Self-balancing robot is a cool project, which many makers like to build somewhere during their journey through the world of robotics.

In most cases you can find on the internet there are three different types of motors used in a self-balancing robots:

  1. stepper motors
  2. DC motors
  3. DC motors with quadrature encoders

Options a) and b) do not give you feedback on the distance (even in case of stepper motor it is easy to lose steps), so we’ve decide to use DC motors with encoders.
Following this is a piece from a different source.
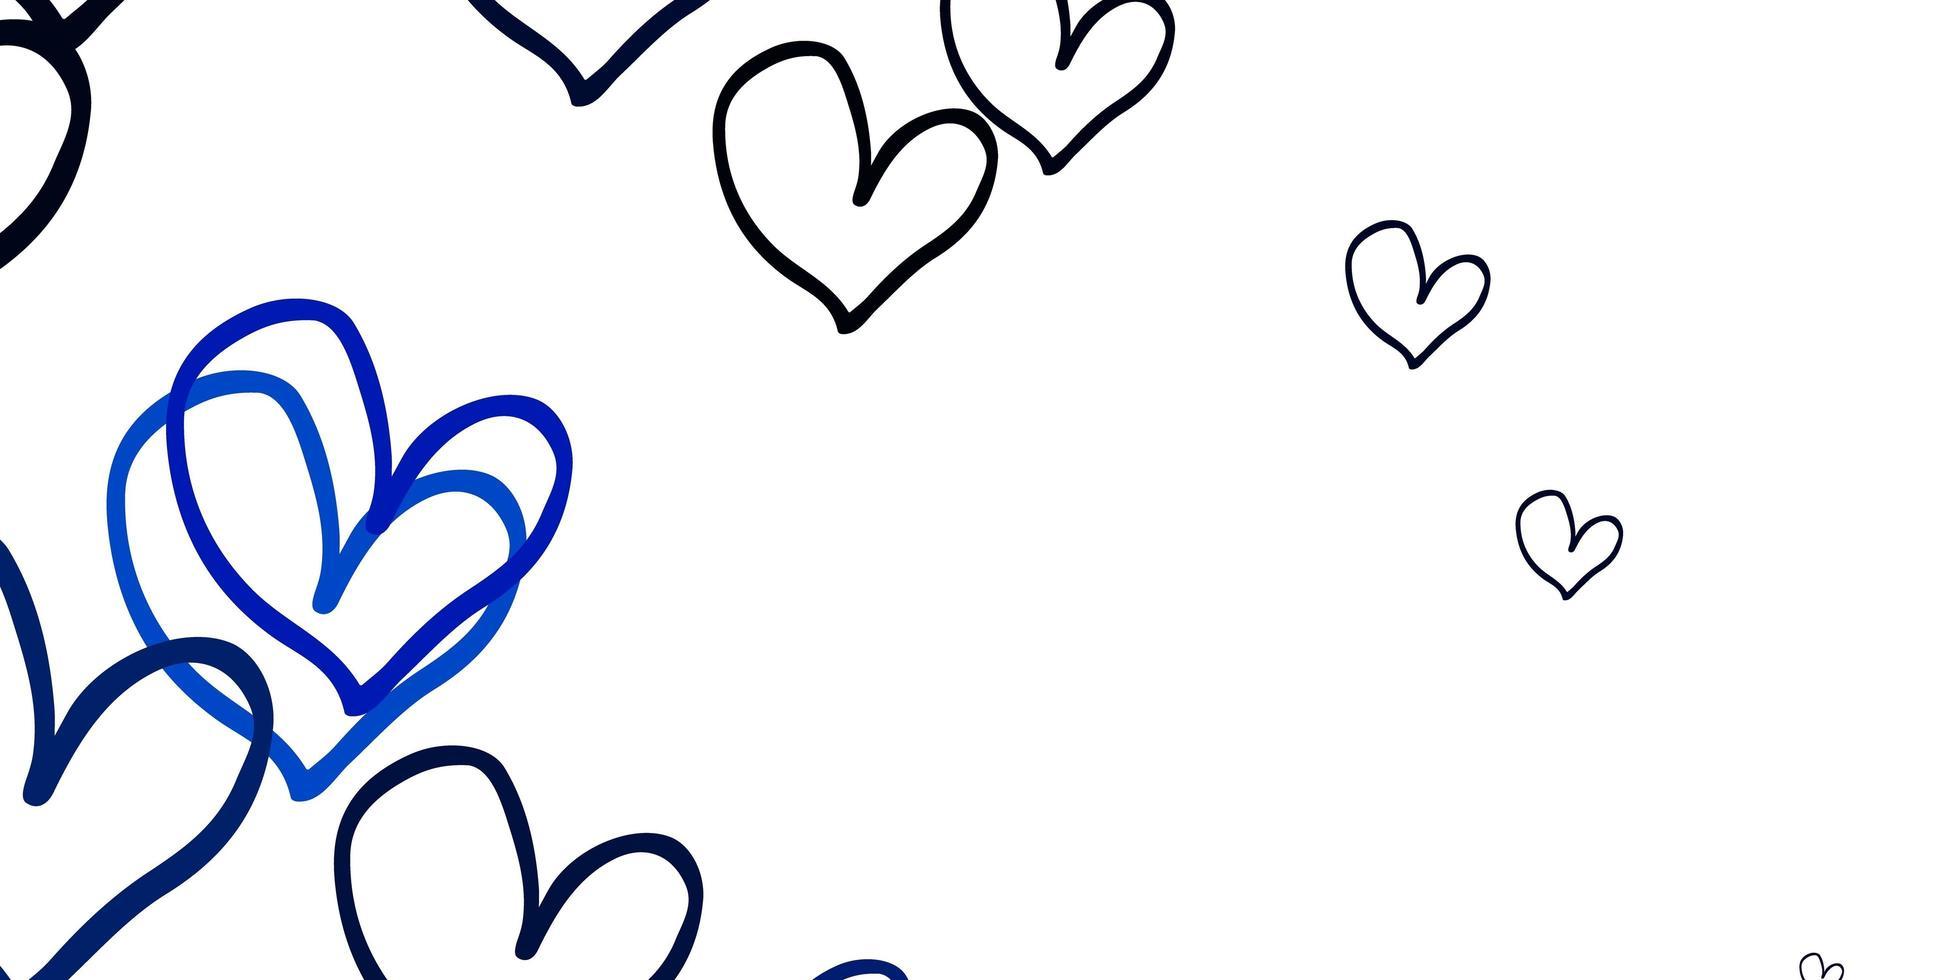 modèle vectoriel bleu clair avec des coeurs de doodle.

Robot keeps balance like this:

What you see is basically a telepresence robot which can be controlled through the internet from anywhere with anyone via shareable link.

Now let’s go deeper into the story.

Existing self-balancing robot constructions and our way to make our own

90%+ of all self balancing constructions found on the internet are based on Arduino, so it’s rather hard to expand them with new functionalities because of lack of computing power and a single infinite loop with everything done within it.

While creating our own self-balancing construction, we had the following assumptions in mind:

  1. using DC motors with encoders
  2. using MPU9250 inertial measurement unit, but not raw accelerometer and gyro data, but complete 3D orientation data from DMP (Digital Motion Processor) inside this chip
  3. creating an elegant control algorithm that is responsive, resilience to interference, easy to understand and easily scalable for other mechanics with only a small tune up of PID parameters
  4. creating an easy to use class for robot control algorithm with a simple API and control algorithm working as a “background task”, so the robot firmware will be easy to expand.
  5. make it open source to help people reuse and modify it in their own projects

At first let’s start with the hardware we used.

Our robot is based on Husarion CORE2 robotic controller that has integrated interfaces for up to 4 DC motors with quadrature encoders that are handled in “hardware” (there’s a dedicated timer working in quadrature encoder mode), so it doesn’t waste processing power of CPU to handle encoders. Husarion CORE2 controller is programmed thanks to easy API in C++ 11 provided by open source programming framework available at https://github.com/husarion/hFramework (MIT license) with Arduino compatibility layer (which is not used in this software, but could be if you are an Arduino enthusiast 😊 ).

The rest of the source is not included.